Record excerpts below:

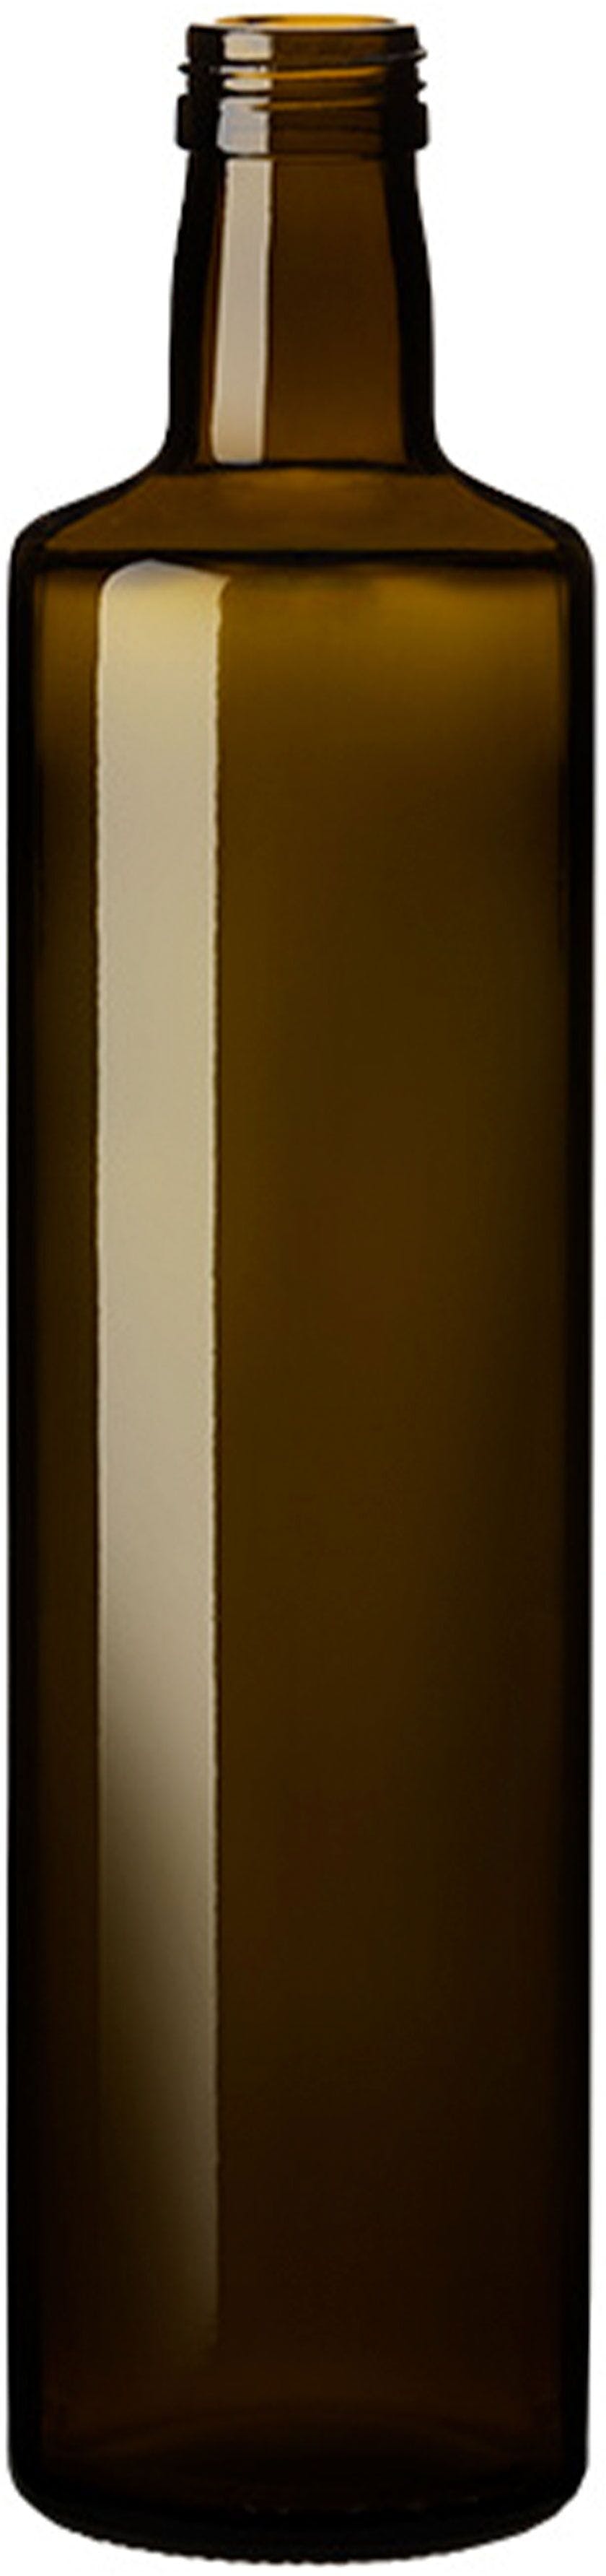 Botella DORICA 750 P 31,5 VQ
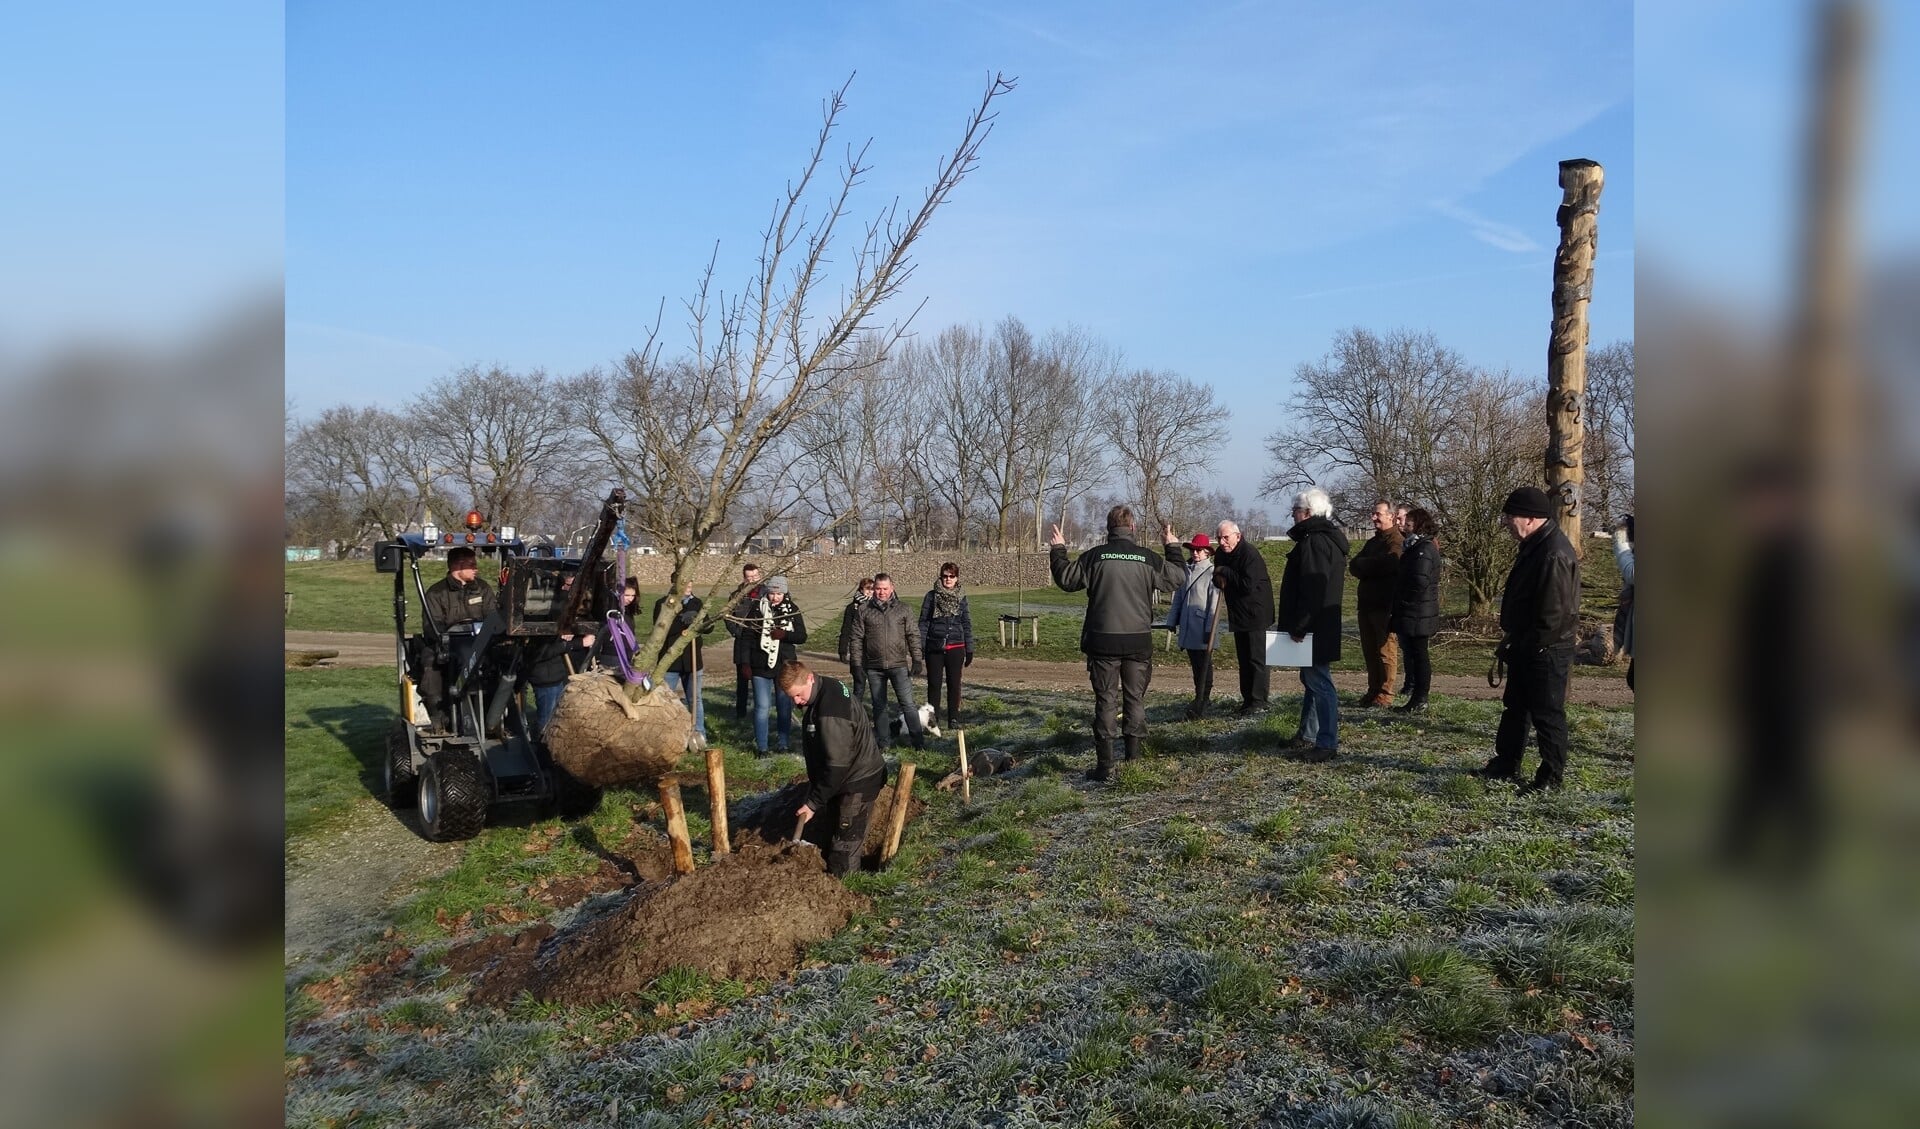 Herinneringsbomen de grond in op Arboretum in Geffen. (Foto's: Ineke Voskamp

End of Record excerpts.
Record excerpts below:

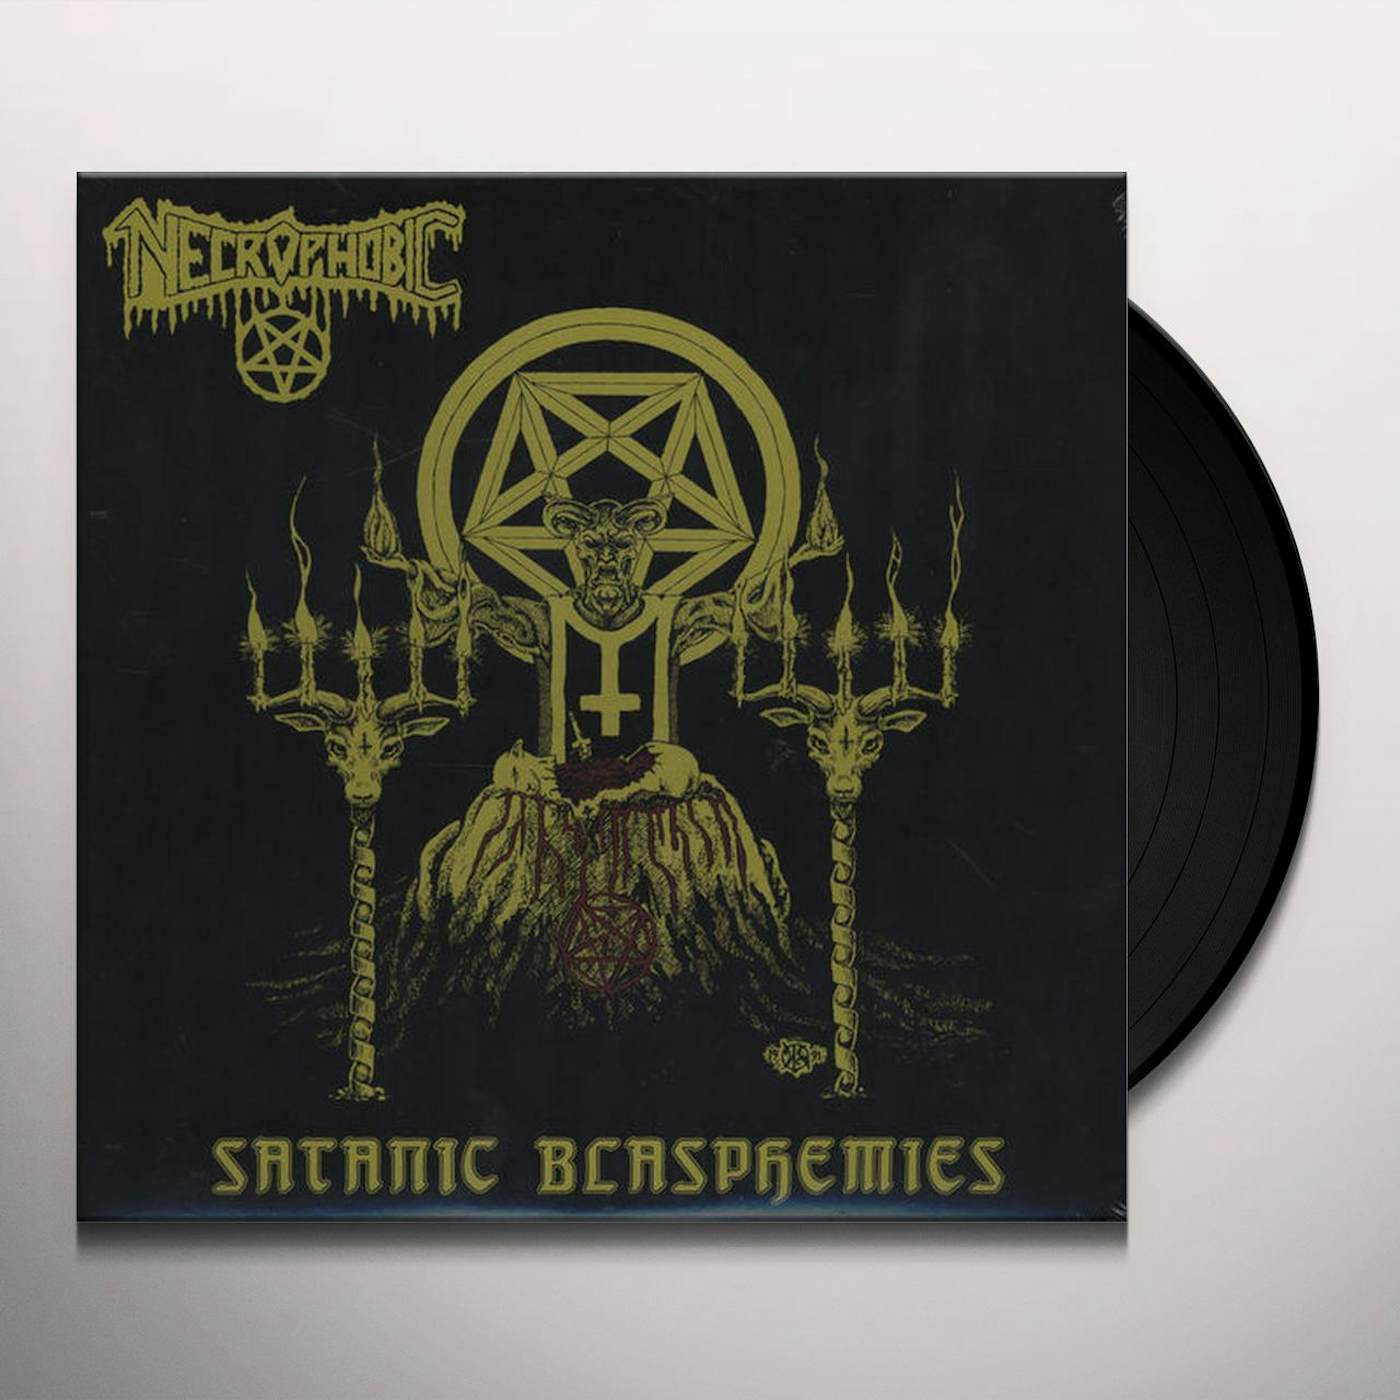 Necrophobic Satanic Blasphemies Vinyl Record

End of Record excerpts.

**Task**: Within the material above, only the stretch from the line holding "Botella DORICA 750 P 31,5 VQ" through the line holding "Herinneringsbomen de grond" is to be restated exactly. Pictures are dropped.

**Your response**:
 Botella DORICA 750 P 31,5 VQ
 Herinneringsbomen de grond in op Arboretum in Geffen. (Foto's: Ineke Voskamp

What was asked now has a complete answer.